Travel

A winter walk in Laurie Lee’s Cotswolds


‘The Woolpack is my local. It used to be, as the name suggests, a place where the pack horses from the hills, bringing the wool down to the Stroud mills, used to stop for refreshment. It’s got great character, as you can see.”

I certainly could see. Laurie Lee had invited me to his local to talk about a television programme I wanted to make about him and the ways in which this part of his world and its landscapes had shaped his writing. It was early spring 1994, and we were chatting in the bar that he reckoned had not changed all that much in generations – apart, that is, from the price of its beer. That initial meeting had led to a series of recorded conversations. Now, 25 years on and following their publication, I was going back to walk Laurie Lee’s valley.

Slad map.

I decided to begin my walk in The Woolpack Inn. Less than three miles north of the Cotswolds town of Stroud, it’s the only pub in Slad, the tiny village in which Laurie had spent his early years. The circular walk, at a pace appropriate to the style of the writer in whose footsteps I was walking, would take me about 2½ hours. It’s a walk you can round off with a late lunch in his local – in “his” bar, even.

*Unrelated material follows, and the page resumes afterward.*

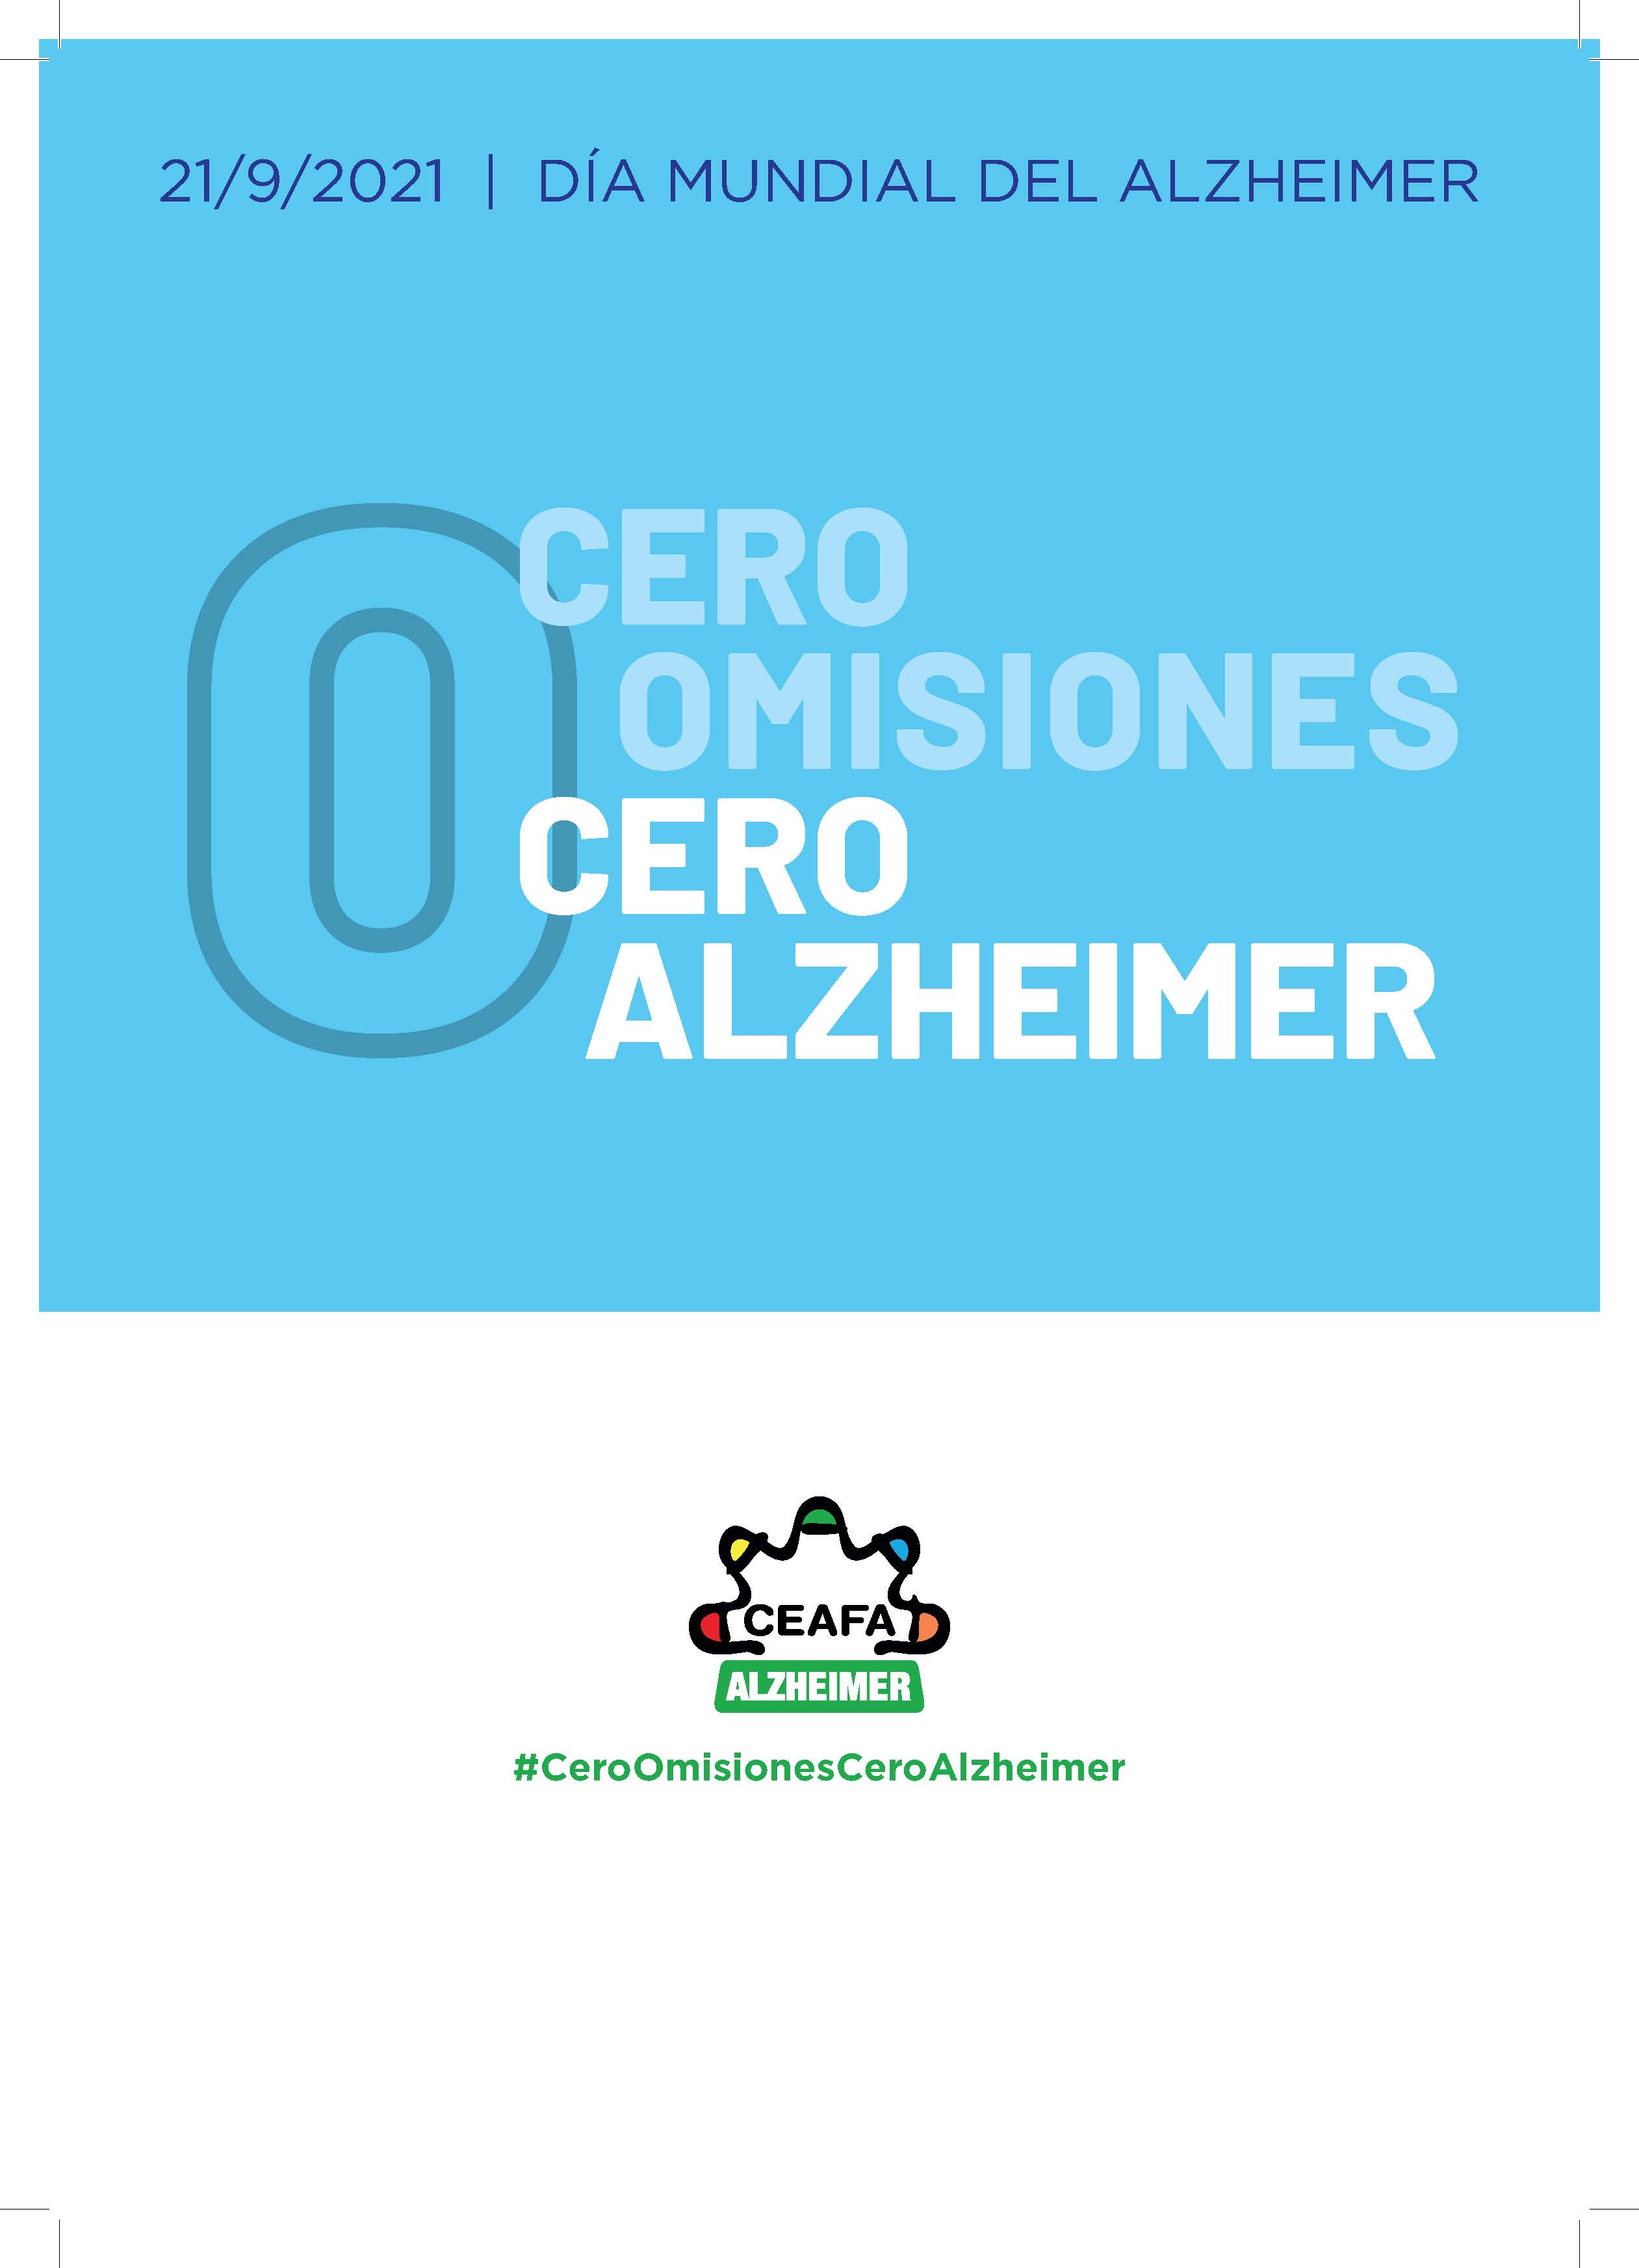 Día Mundial de Alzheimer 21 de Septiembre 2021

The day I had chosen was bitterly cold but bright, the sky a deep blue; there had been an overnight dusting of snow. After a warming coffee in The Woolpack (it opens at midday) I set off along the road up the hill. After no more than a few hundred yards, I paused … looking down the steep slope towards the house in which Laurie spent his childhood, one understands immediately the significance to him of the physical character of this area of Gloucestershire. “Living in our valley was like broad beans in a pod,” he wrote. “All my beginnings were hatched into this very compact series of narrow, brief valleys, which are like seed pods.”

Just beyond the house I took a right fork, and leaving the busy road I followed the lane, passing some houses dating back to the 17th century. In those days this lane was the only road through the village, hugged by The Woolpack and a few houses as it followed the contours of the valley. A new road, slightly above, was built in the 1830s. Both the school Laurie attended and Holy Trinity, the church in which he sang as part of the choir, followed. The Woolpack, according to Laurie, just added a storey and turned to face the passing trade on the new road.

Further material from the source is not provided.